2.4. Statistical analysis

After checking for consistency, data analysis was performed using Stata 15.1 (StataCorp, College Station, TX USA, 2018). For non-comparative binary outcomes, the pooled estimates were generated using the “metaprop” command. The 95% confidence interval (CI) was estimated using the Wilson score method and calculated using the DerSimonian-Laird random-effects model with Freeman-Tukey double arcsine transformation. Testing for heterogeneity among the selected studies was performed primarily via Cochran Q and I² statistics. I² statistics of 25–50%, 50–75%, and >75% were considered mild, moderate, and severe heterogeneity, respectively. If heterogeneity was greater than 50%, the pooled estimate and 95% CI were calculated by using a random-effects model. Dichotomous variables were analyzed using the Mantel-Haenszel method and are expressed as ORs. Moreover, subgroup and meta-regression analyses were used to explore any potential heterogeneity. A two-tailed P-value of less than 0.05 denoted statistical significance.
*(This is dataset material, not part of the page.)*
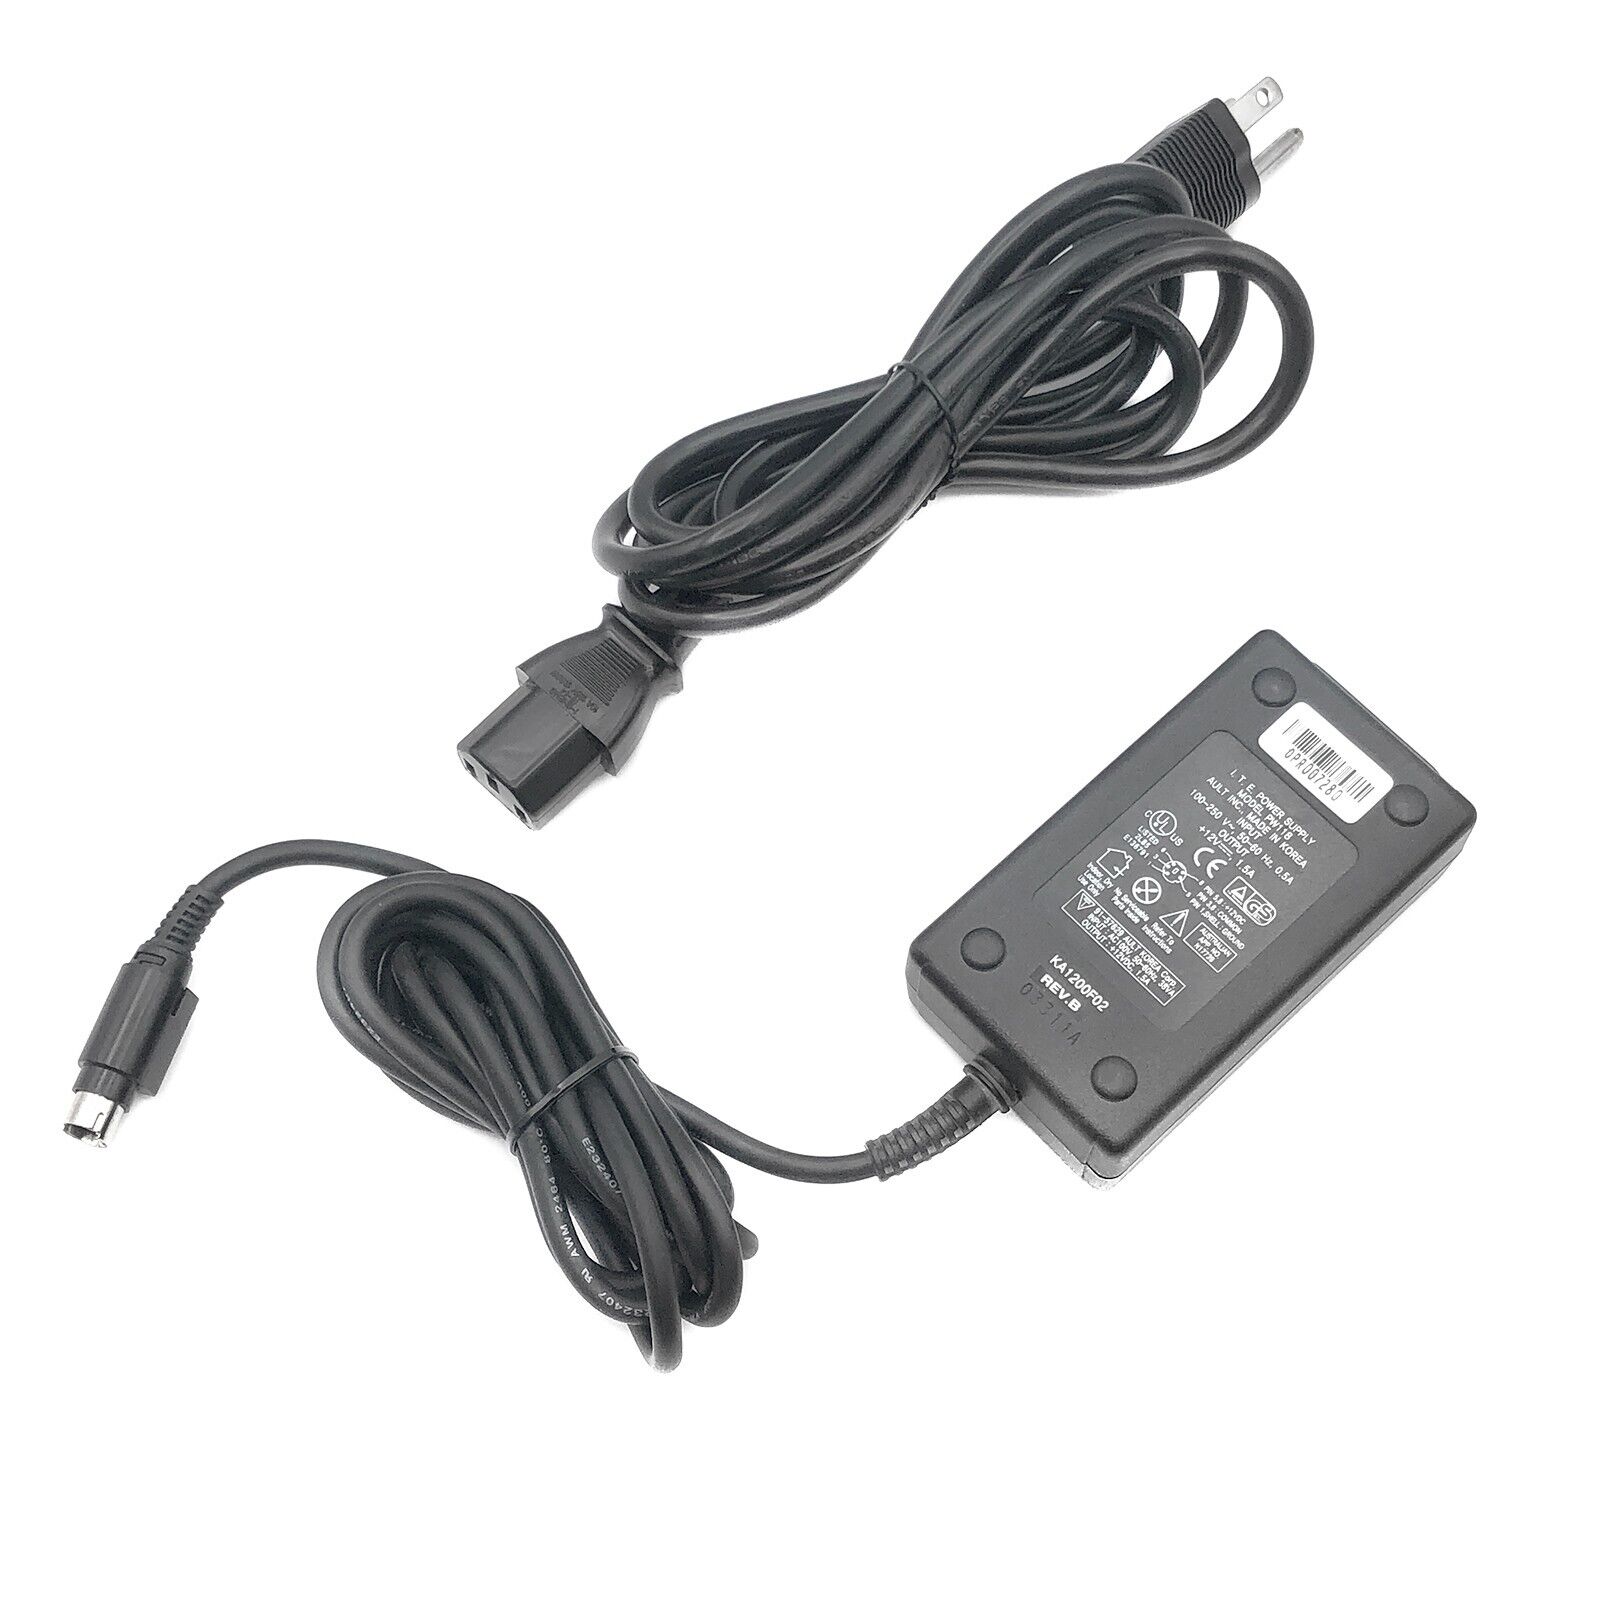 *Brand NEW*Genuine Ault PW118 12V 1.5A AC Adapter 5-Pin Power Supply

Publication bias (P < 0.05 was considered significant) was assessed by visual estimation of a funnel pot, Egger’s test, and Begg’s test.

3. Results

3.1. Search results and included trials

Twenty-nine articles published between January 2007 and January 2020 describing studies of 4954 patients were included in this meta-analysis [1,2,[6], [7], [8], [9],11,[14], [15], [16], [17], [18], [19], [20], [21], [22], [23], [24], [25], [26], [27], [28], [29], [30], [31], [32], [33], [34], [35]]. These included four randomized controlled trials [1,[20], [21], [22]] and 25 prospective non-randomized studies [2,[6], [7], [8], [9],11,[14], [15], [16], [17], [18], [19],[23], [24], [25]]. Four randomized controlled trials were at low risk of bias according to the Cochrane Collaboration’s tool(Table S2). The risk of bias assessment of 25 prospective non-randomized studies revealed AHRQ quality scores ranging from 4 to 8 points, suggesting that the qualities of the eligible articles was moderate-to-high(Table S1). The results of the database selection process are shown in Fig. 1, whereas the characteristics of the patients examined in the selected articles are shown in Table 1.

Fig. 1 — Flow diagram of studies selection.

Table 1.

Main characteristics of eligible studies.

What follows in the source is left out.